I've been in IT for more than 10 years. While I don't consider myself a superstar, I do think I'm competent and more than qualified to fill many of the jobs in my field. Anytime I post my resume online, I'm flooded with recruiter calls and emails. They tell me demand is strong for people with my skill set. Normally, I take what recruiters say with a grain of salt. But what I see on the job boards confirms it. The problem I'm running into is this. The recruiter submits my resume to their client and one of three things happen. A) The client and/or recruiter never responds. B) The client passes on my resume. C) The client says they're interested in setting up an interview. But one thing I'm noticing in interview after interview is just how picky hiring managers are being. I'm being asked questions that I've never been asked to answer in 10 years. These are not just standard questions that you ask to gauge someone's ability to do the job. These are the kinds of questions that reward those who've memorized really obscure details, the kind that people would normally just look up. To me, it's analogous to asking a chemist to name the 47th element of the periodic table. I don't know any chemists, but I have a hard time believing they'd memorize all the elements when they can so easily look them up.

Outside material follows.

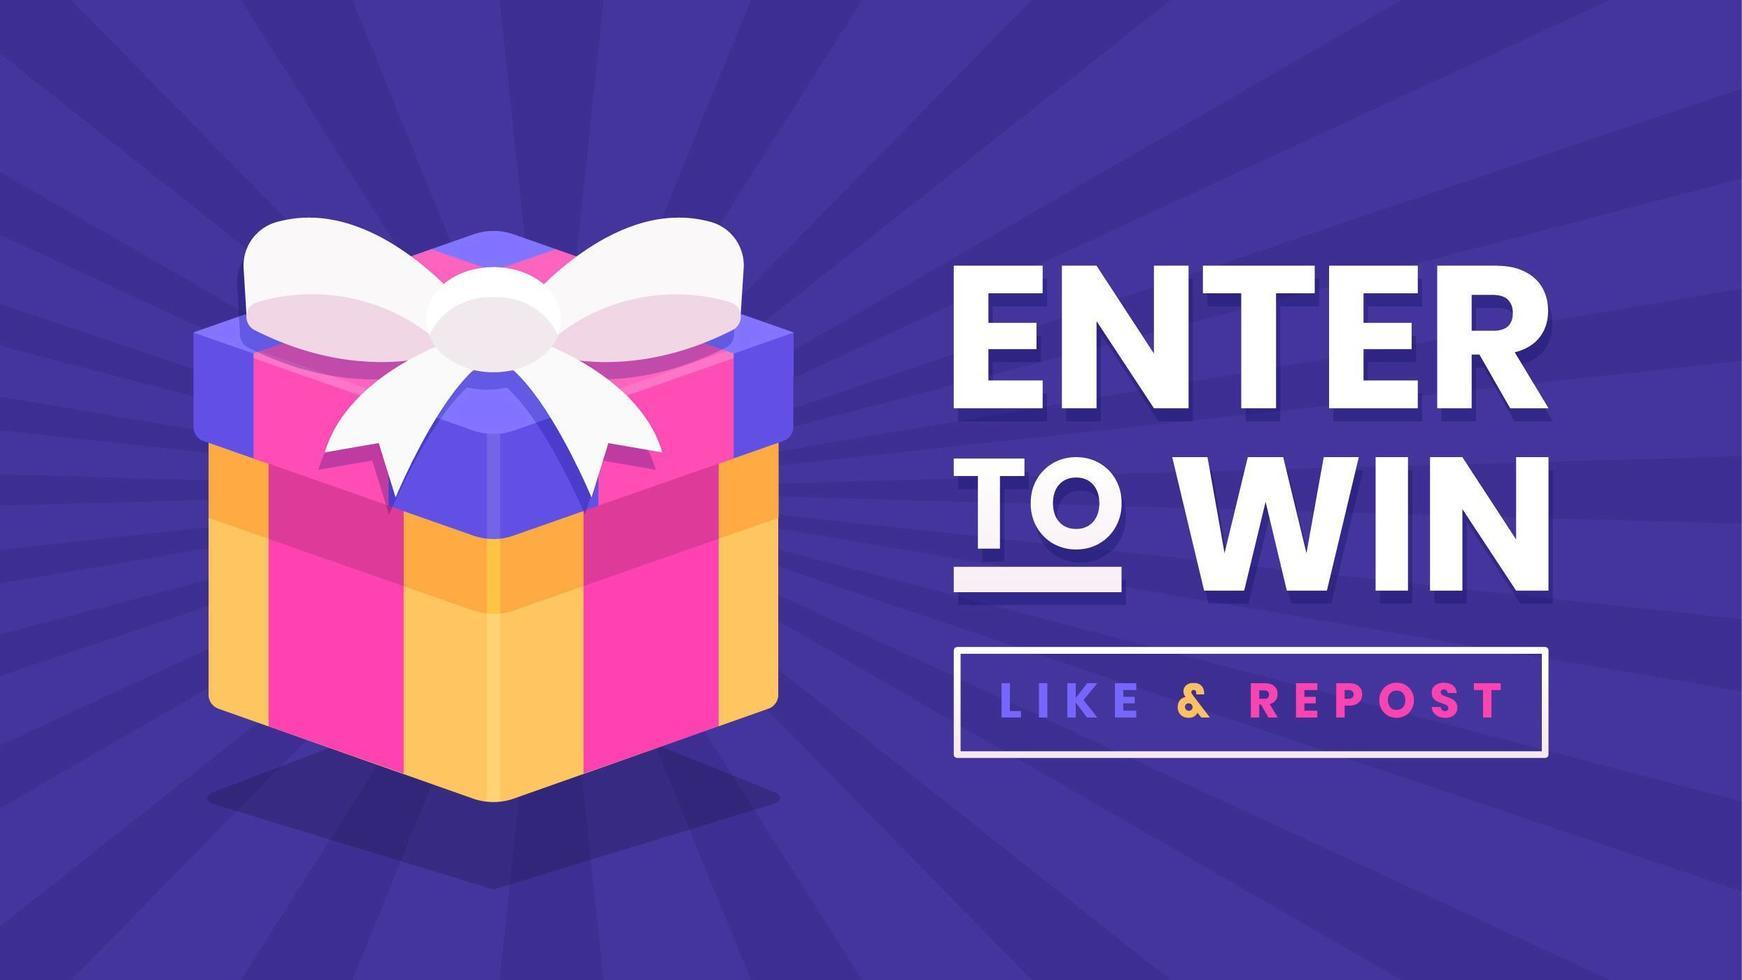 Enter To Win Gift Box Banner Vector

So there's a disconnect, one that a number of my friends in my field have also observed. On the one hand, there's strong demand for people with my skill set. But on the other hand, employers are willing to take their time interviewing and making applicants jump through hoops. If you really need something, wouldn't that cause you to be less picky? This job market is hard to make sense of. It's one thing if an employer says we don't need any more workers or we don't need someone with your skills. But here they're basically saying your skills aren't good enough. I've talked to my friends who say they would've stumbled on the same questions I did. So I know it's not my competence. And like I said, I've been in my field for 10 years. It's not like I'm fresh out of college.

Has anyone else experienced this? Does it feel like employers are being way too picky even though they claim to really need to fill these jobs?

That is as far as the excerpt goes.